About this task
Each line of the data must be written out again verbatim; no image belongs in the copy.

Available data
#####

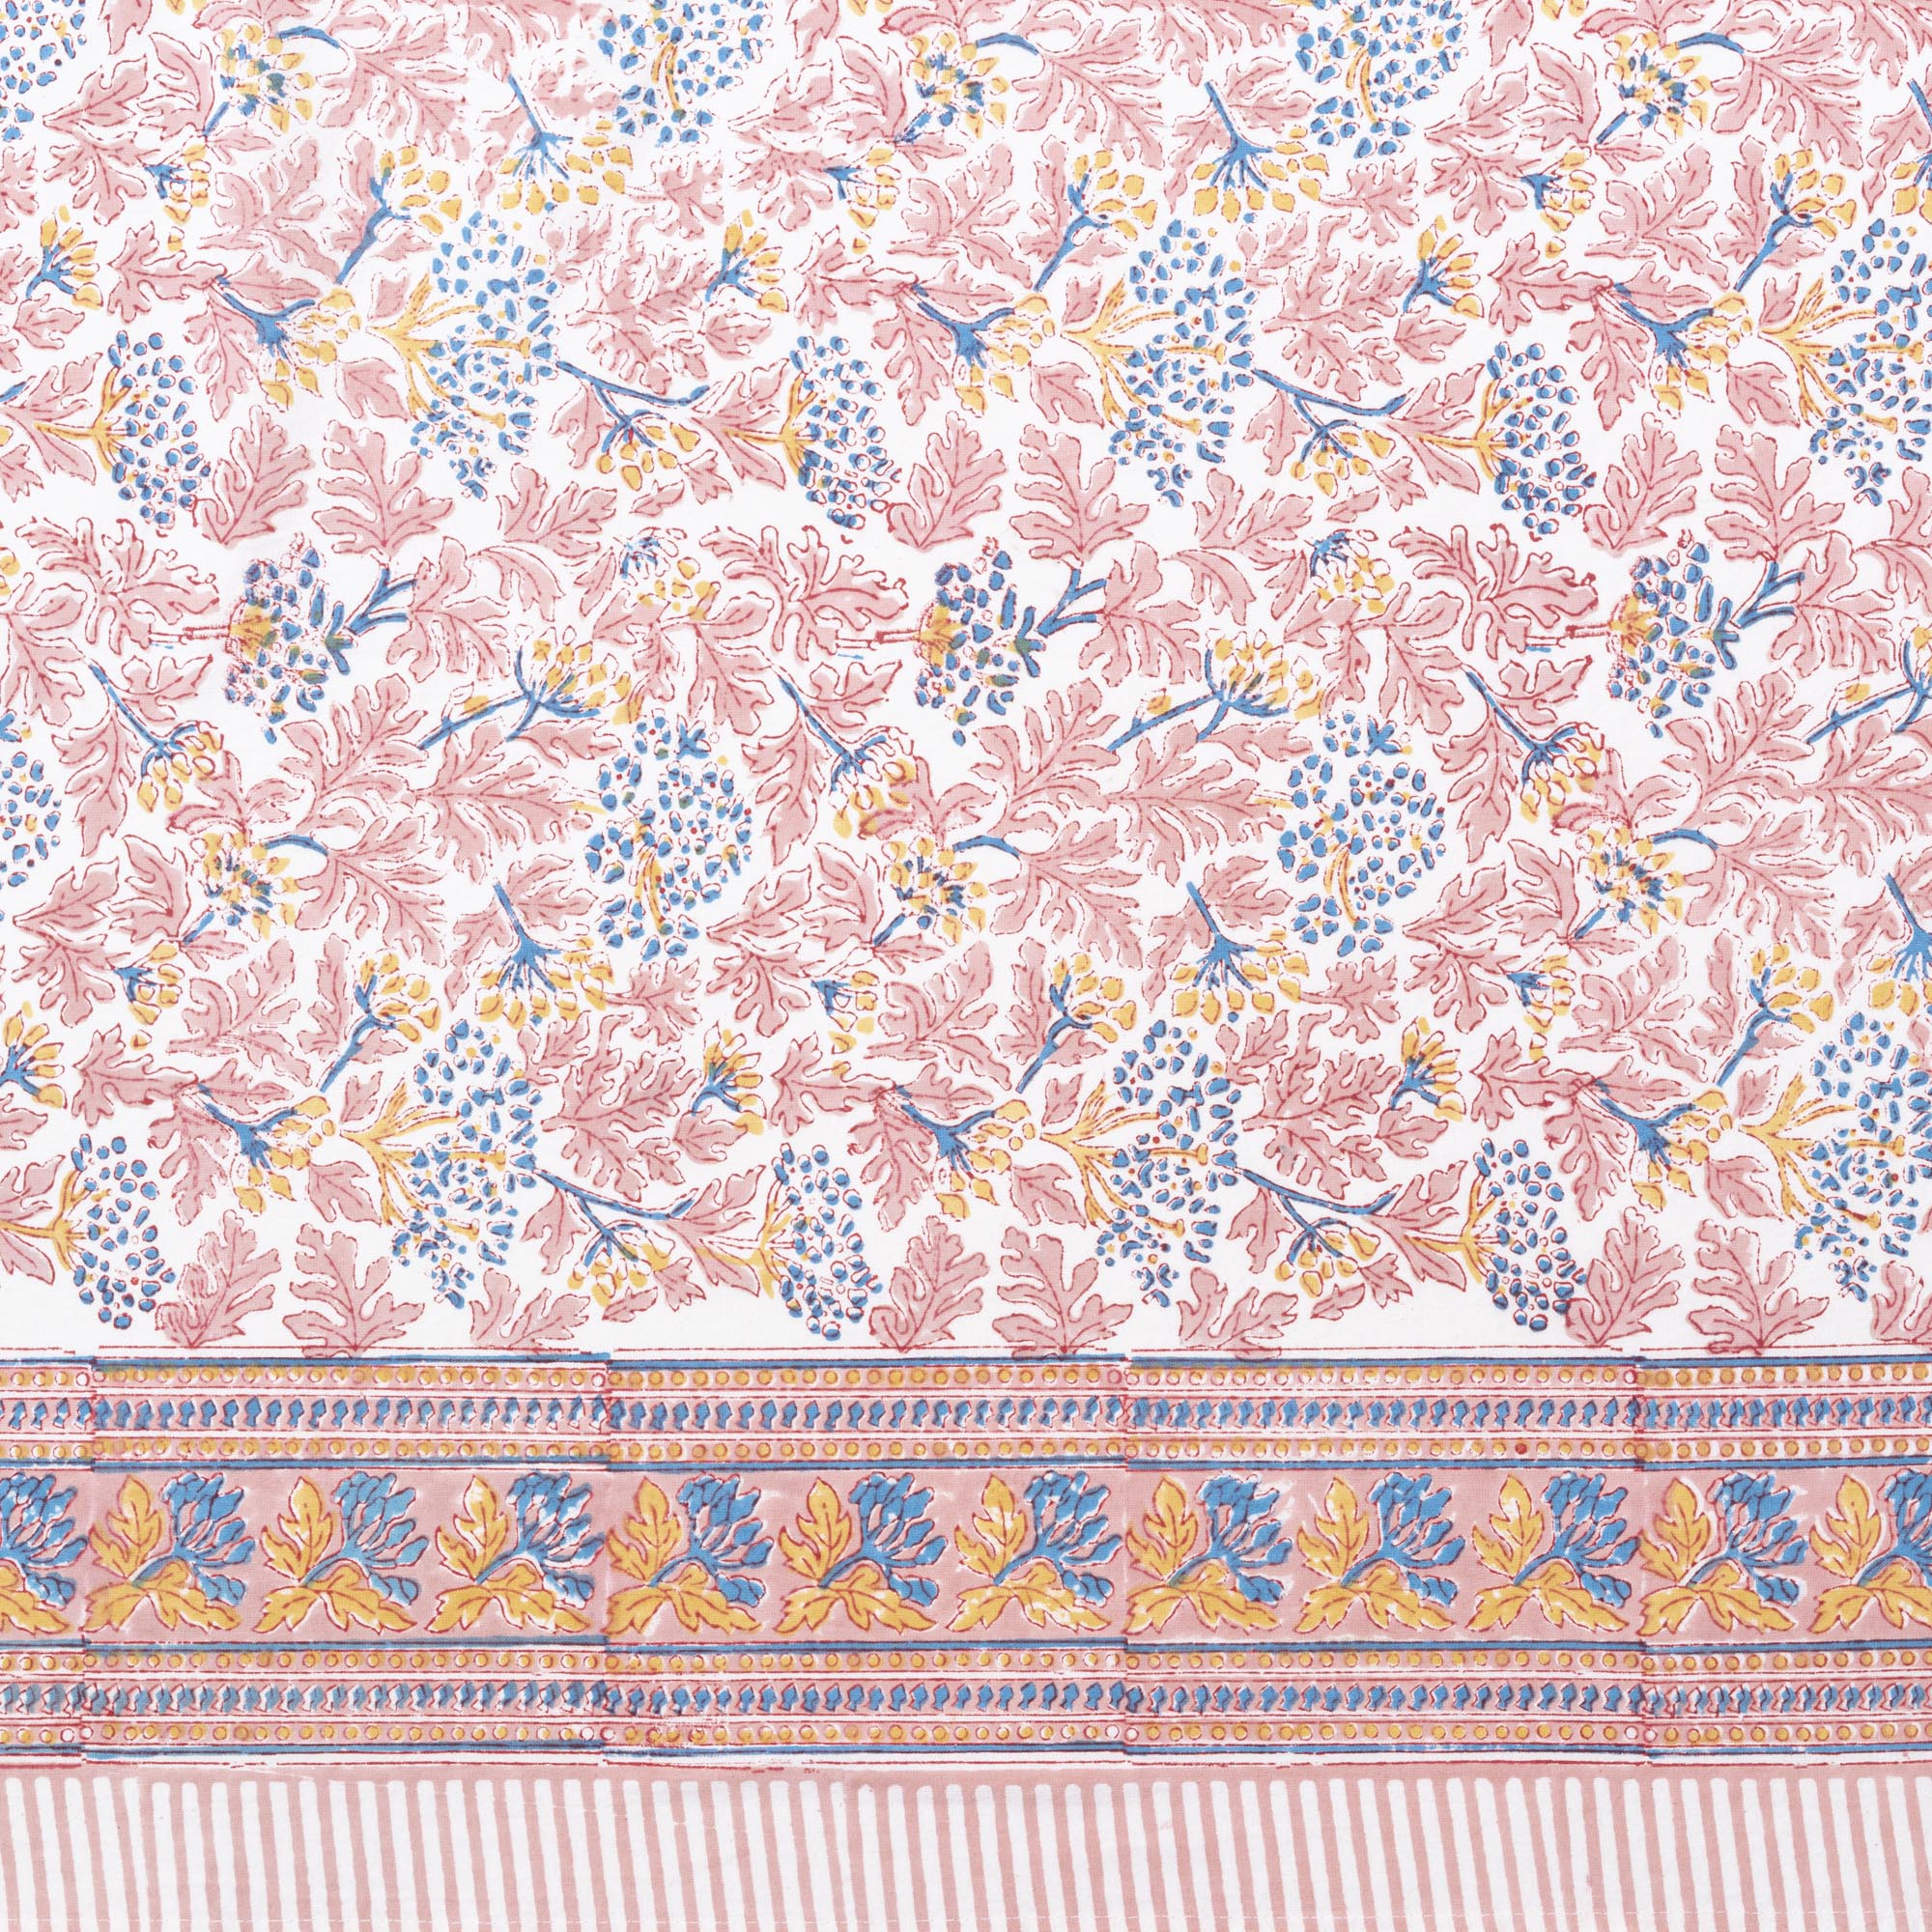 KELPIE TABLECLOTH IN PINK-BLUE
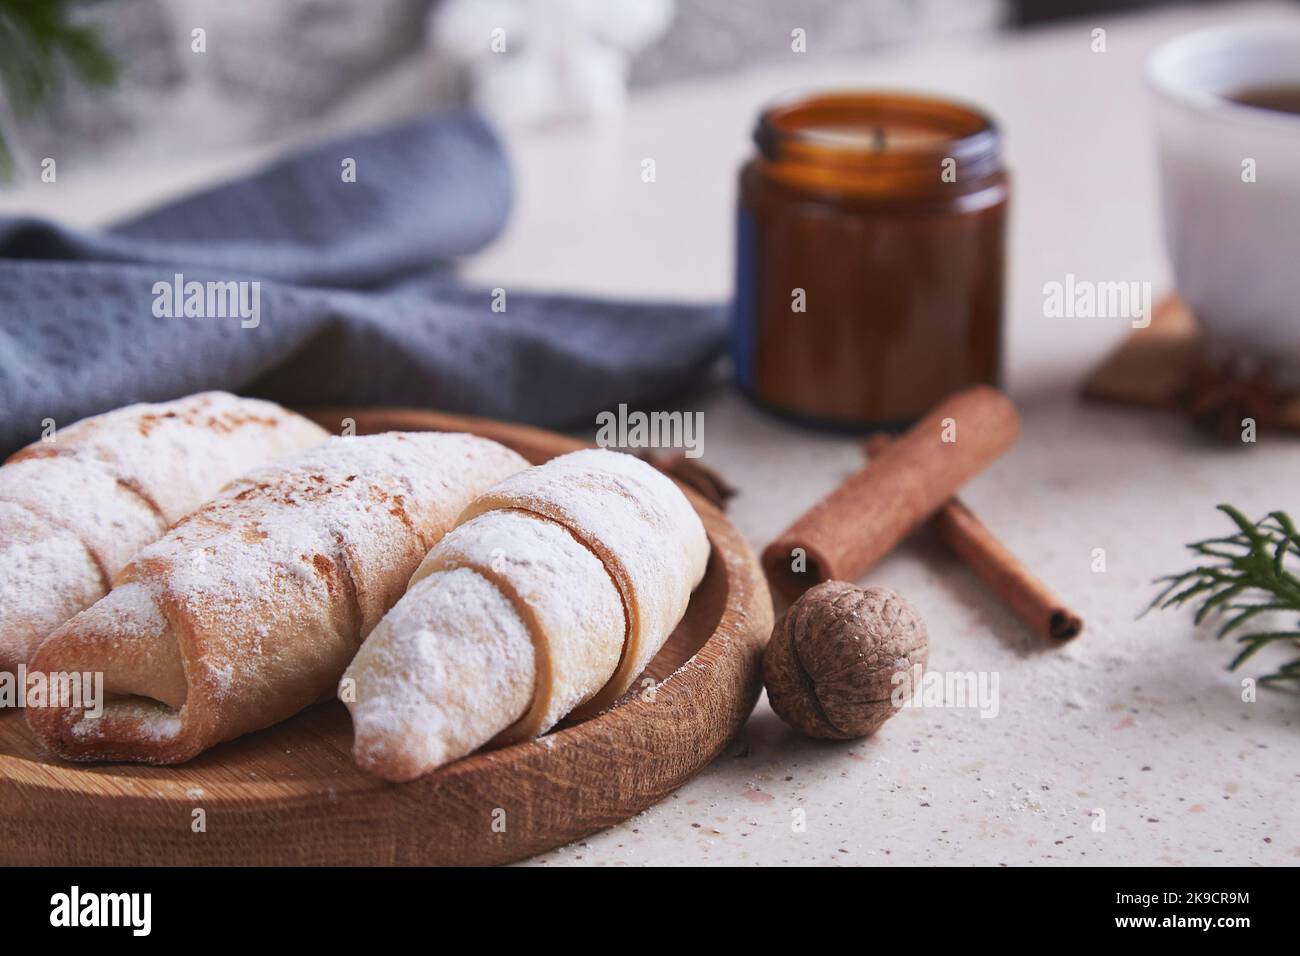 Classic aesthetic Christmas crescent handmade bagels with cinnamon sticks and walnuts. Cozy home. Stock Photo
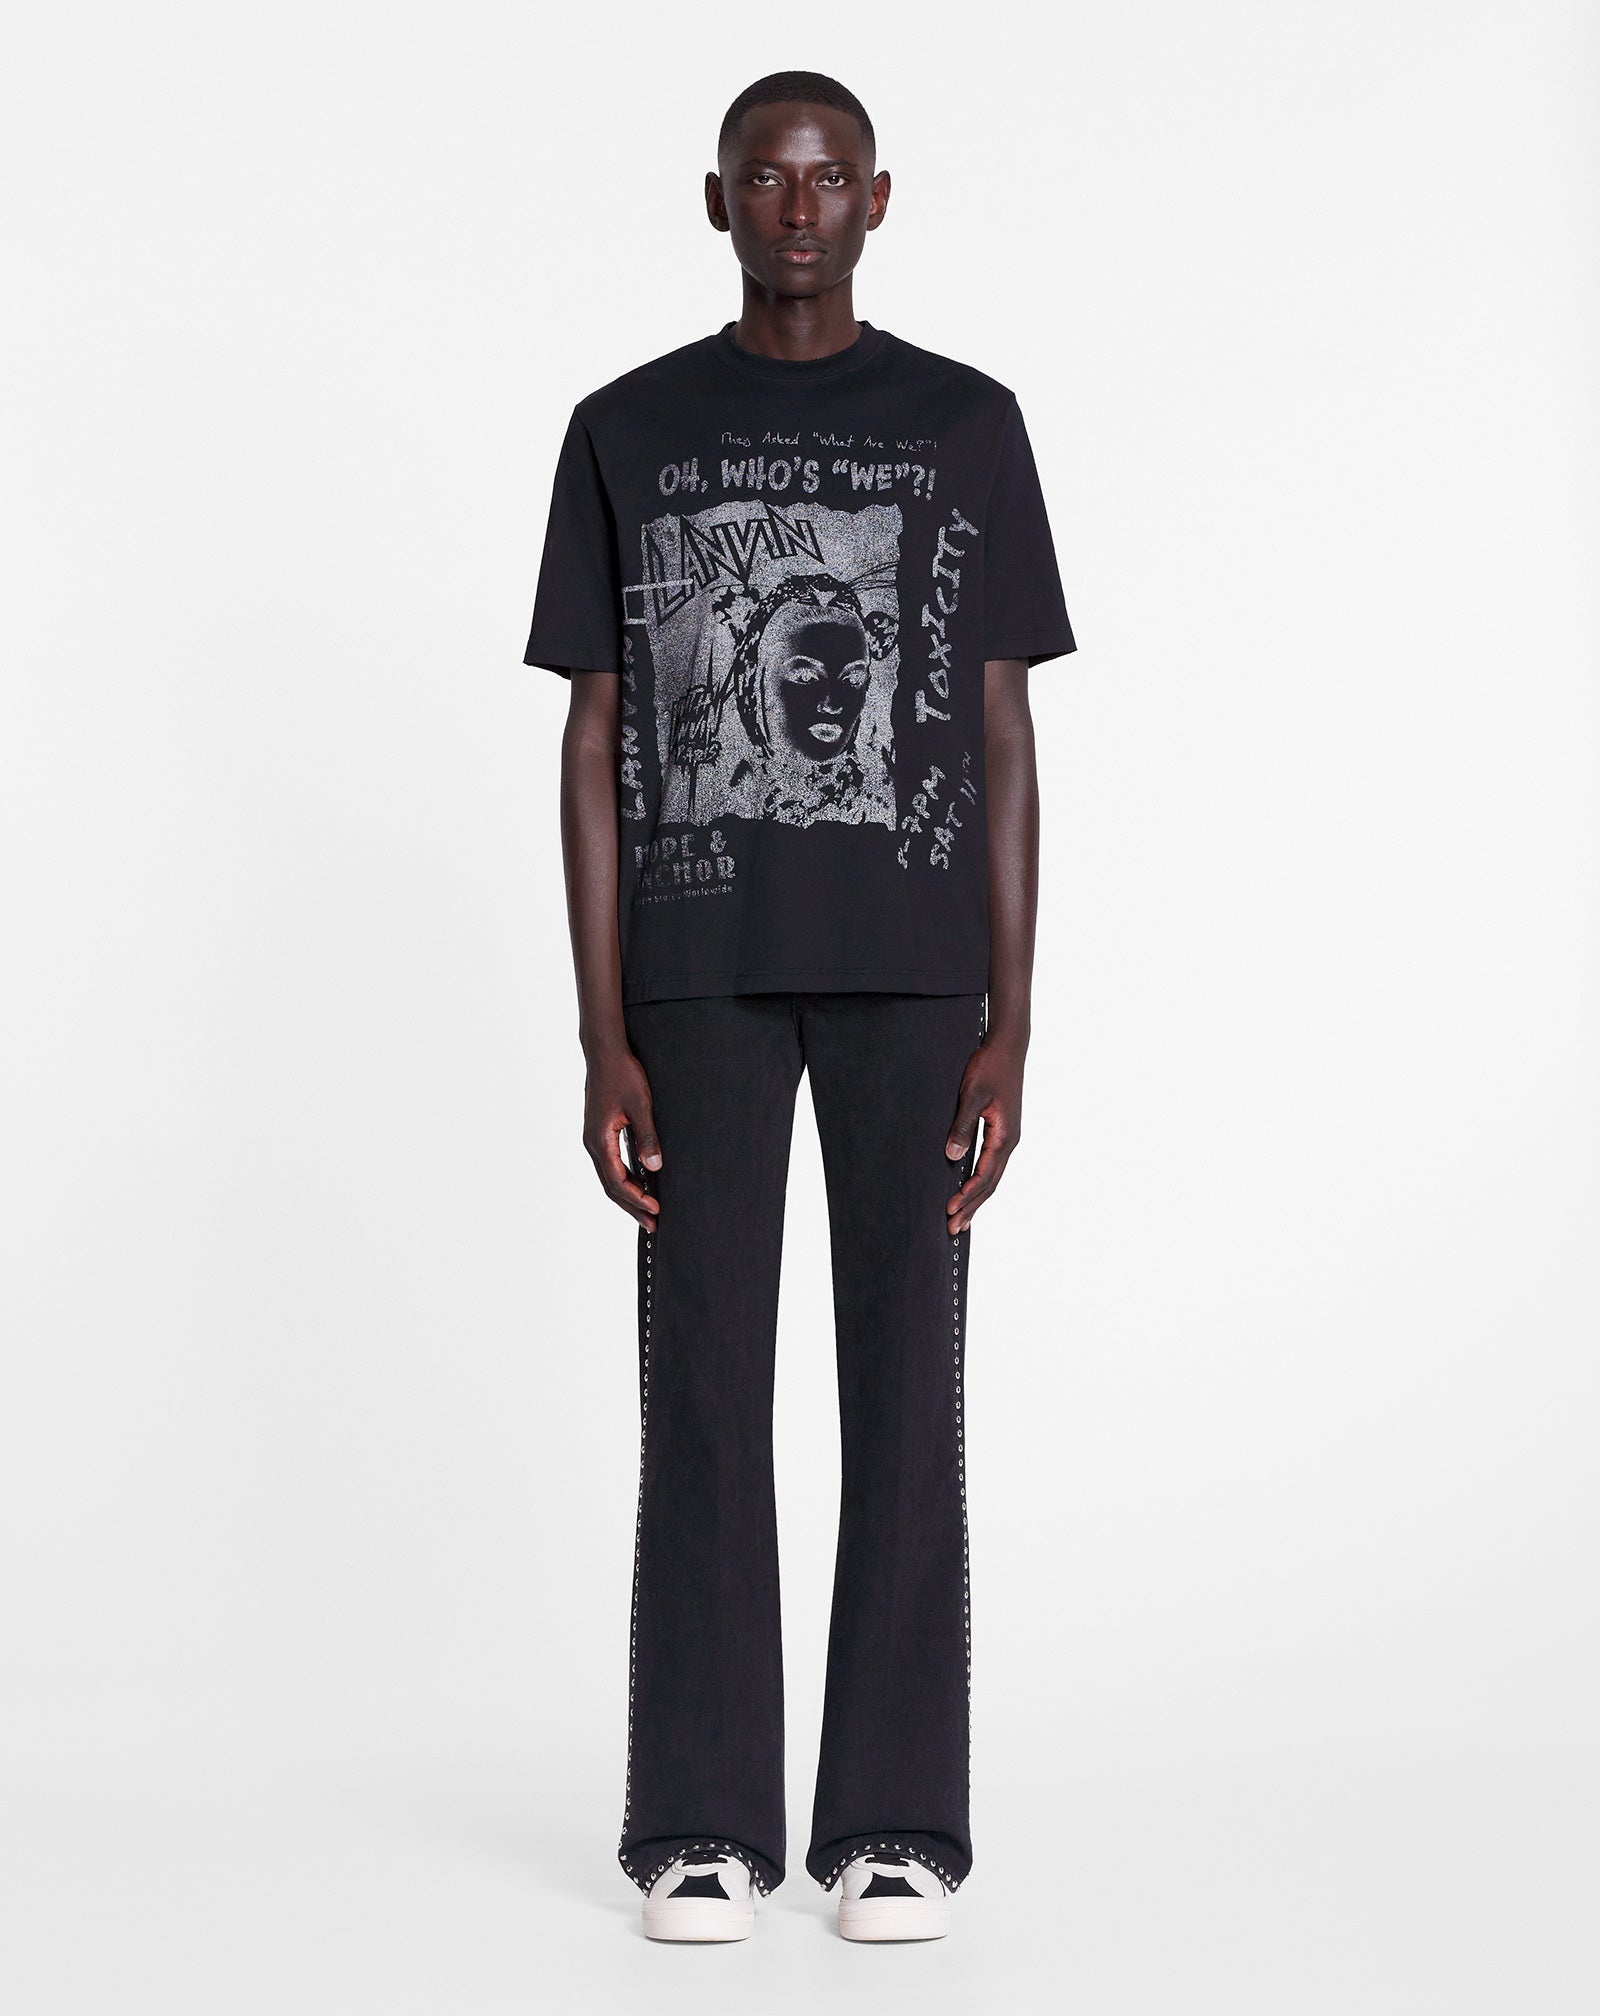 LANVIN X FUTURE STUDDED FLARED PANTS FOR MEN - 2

#####

Response for this exercise
 KELPIE TABLECLOTH IN PINK-BLUE
 Classic aesthetic Christmas crescent handmade bagels with cinnamon sticks and walnuts. Cozy home. Stock Photo
 LANVIN X FUTURE STUDDED FLARED PANTS FOR MEN - 2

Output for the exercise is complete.